• Records provided

____________

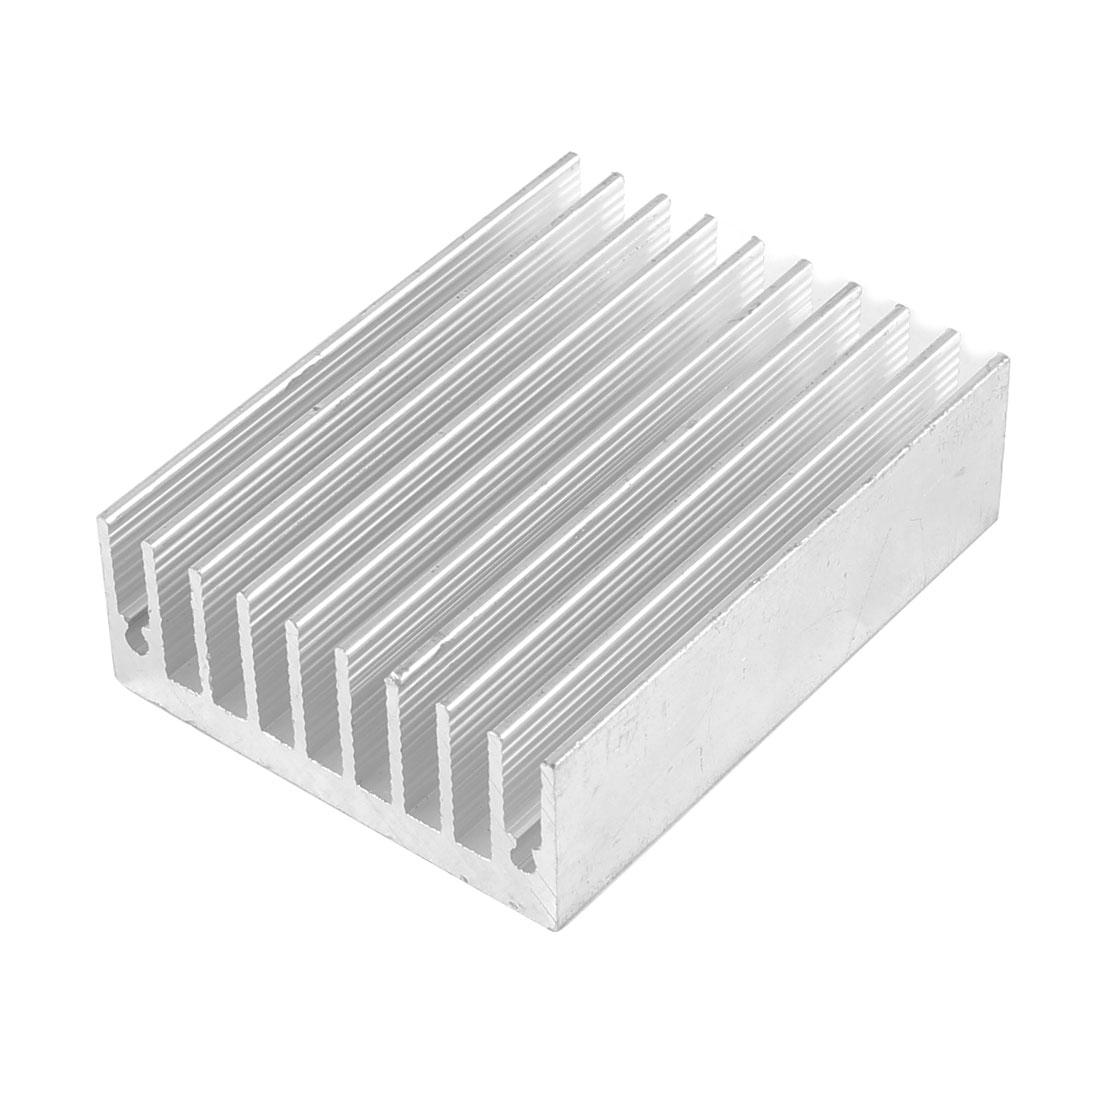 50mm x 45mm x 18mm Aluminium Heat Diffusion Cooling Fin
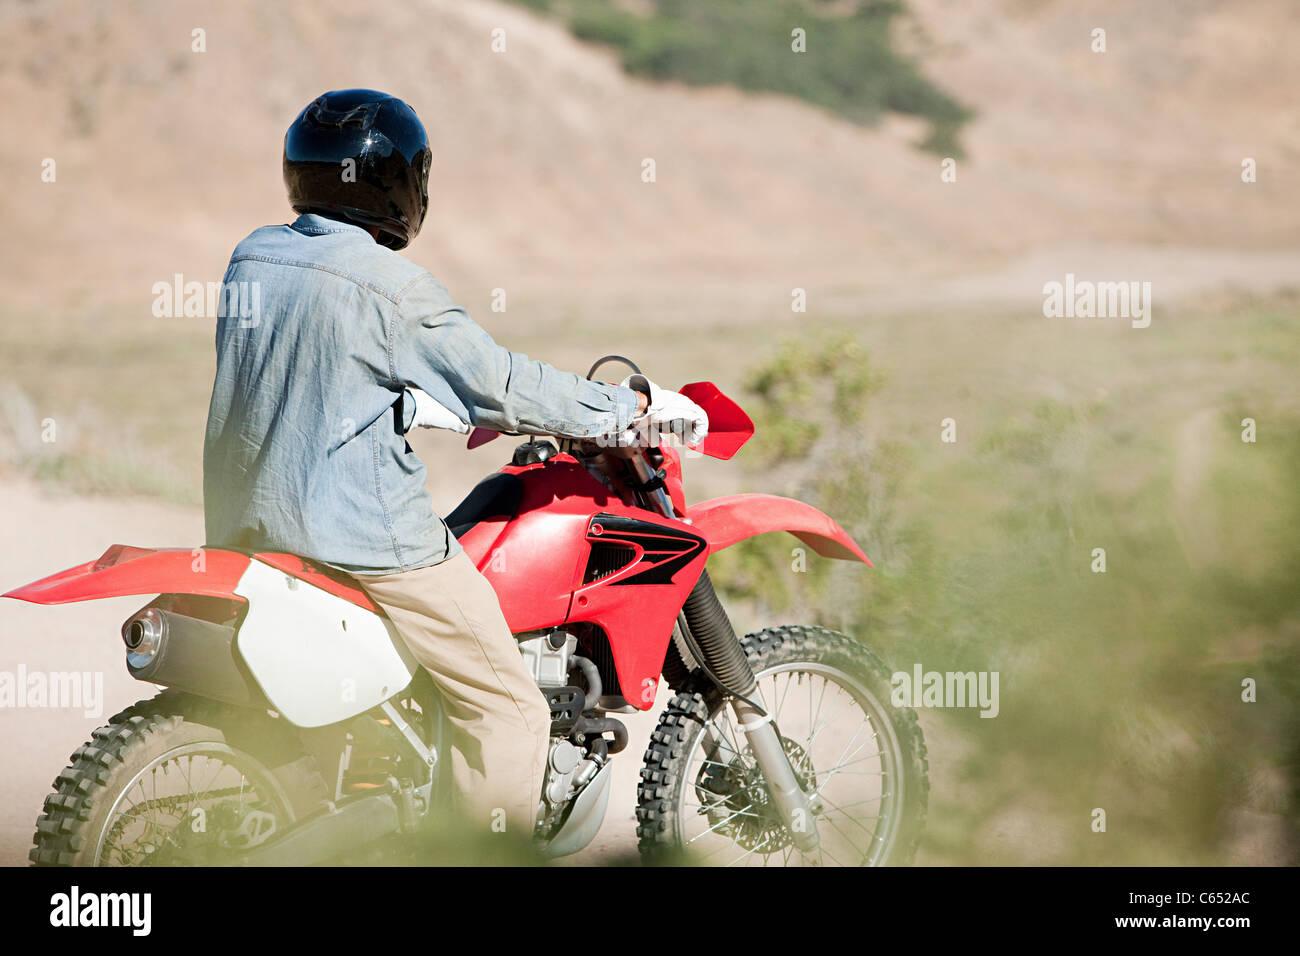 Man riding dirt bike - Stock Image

____________

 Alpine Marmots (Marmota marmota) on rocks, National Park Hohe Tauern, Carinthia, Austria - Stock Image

____________

• Aim of the exercise
From the data above, return exactly the lines from the one with "50mm x 45mm" up to and including the one with "Man riding dirt bike - Stock Image". Pictures do not go in the copy.

• Output
 50mm x 45mm x 18mm Aluminium Heat Diffusion Cooling Fin
 Man riding dirt bike - Stock Image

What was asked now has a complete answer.